Financing Your Company: Six Key Issues from a Lawyer’s Perspective
By David Peteler
Early stage businesses need financing to grow and succeed. Depending on your stage of development, you may be looking for “friends and family” financing, an Angel round, or a Series A round. While these different types of investors have their own investment requirements, once investors are interested in your company, they will want to do due diligence on at least these six basic items.
- Investment Proposition. How much of the company will the investor get for their investment? A pro-forma fully-diluted post-money cap table will show this, i.e. a cap table that shows all of the issued stock, options, warrants, and convertible securities; as well as the new stock to be issued in the financing. The pro-forma should assume that all authorized options and warrants are exercised, and all convertible securities are converted. It should also show how much money is being raised, and what the equity percentages will be after the new money has been raised. The pro-forma financial statement also shows investors that the founders have gone through the crucial process of allocating the initial equity.
- Basic Corporate Structure In Place. Investors want to be sure they’re investing in a company that is set up properly from a legal point of view, so they are confident that they are getting the stock (or other investment instrument) they think they are buying. They will want to see an existing entity (likely a Delaware corporation), with the basic corporate documentation in place.

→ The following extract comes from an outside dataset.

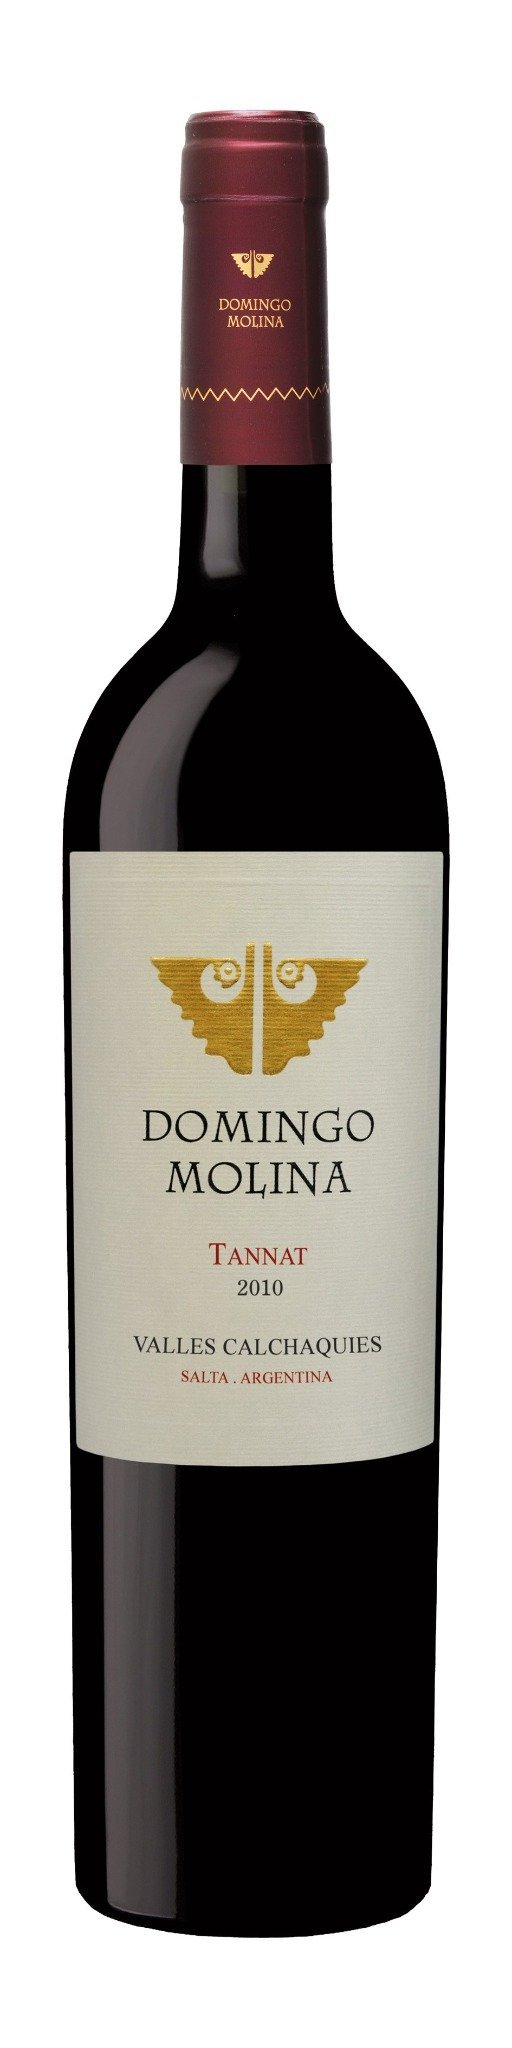 Domingo Molina Tannat - Mi-bodeguita.com

- Commitment of The Team. Investors want to know your team is committed. Investors will want the founders and key people to sign employment or consulting contracts with stock vesting provisions, rights of first refusal, drag-along rights, and other rights. They will want team members to sign non-disclosure and IP assignment agreements. These agreements are designed to be sure the critical team members stay in place until the business has been developed to the expected level.
- Intellectual Property Protection. IP protection is important to investors, especially if the IP is unique or crucial to the company’s success. Take steps to protect it before you take investment money.
- Plan For Your Exit Strategy. Founders should design their businesses with the exit in mind, for their own purposes. Investors will want to know the exit strategy, so they know how and when to expect to monetize their investment. A startup seeking Series A investment should have a well-planned and well-articulated exit strategy. An early stage company should not be tied prematurely to a specific exit strategy, but should have a basic plan and some options in mind. The exit strategy will determine important decisions along the way, so it is not just a goal, but an integral part of the journey of the company.
- Term Sheet and Investment Documents. After the first few meetings, a serious investor will want to see, or will propose, a term sheet. Once the terms are agreed, the investors will request, or propose their own form, of investment documents. These steps show that the company is knowledgeable and realistic about the financing, and that the goals of the investor match the goals of the company. The investment documents will include a stock purchase agreement (or other type of investment agreement). Depending on the company and investment, there may be several other important investment documents. The details of these documents are critical to the investment, and potentially to the success of your company. They may also be critical to your position as founders in the company.
Founders will want to be prepared for each of these topics.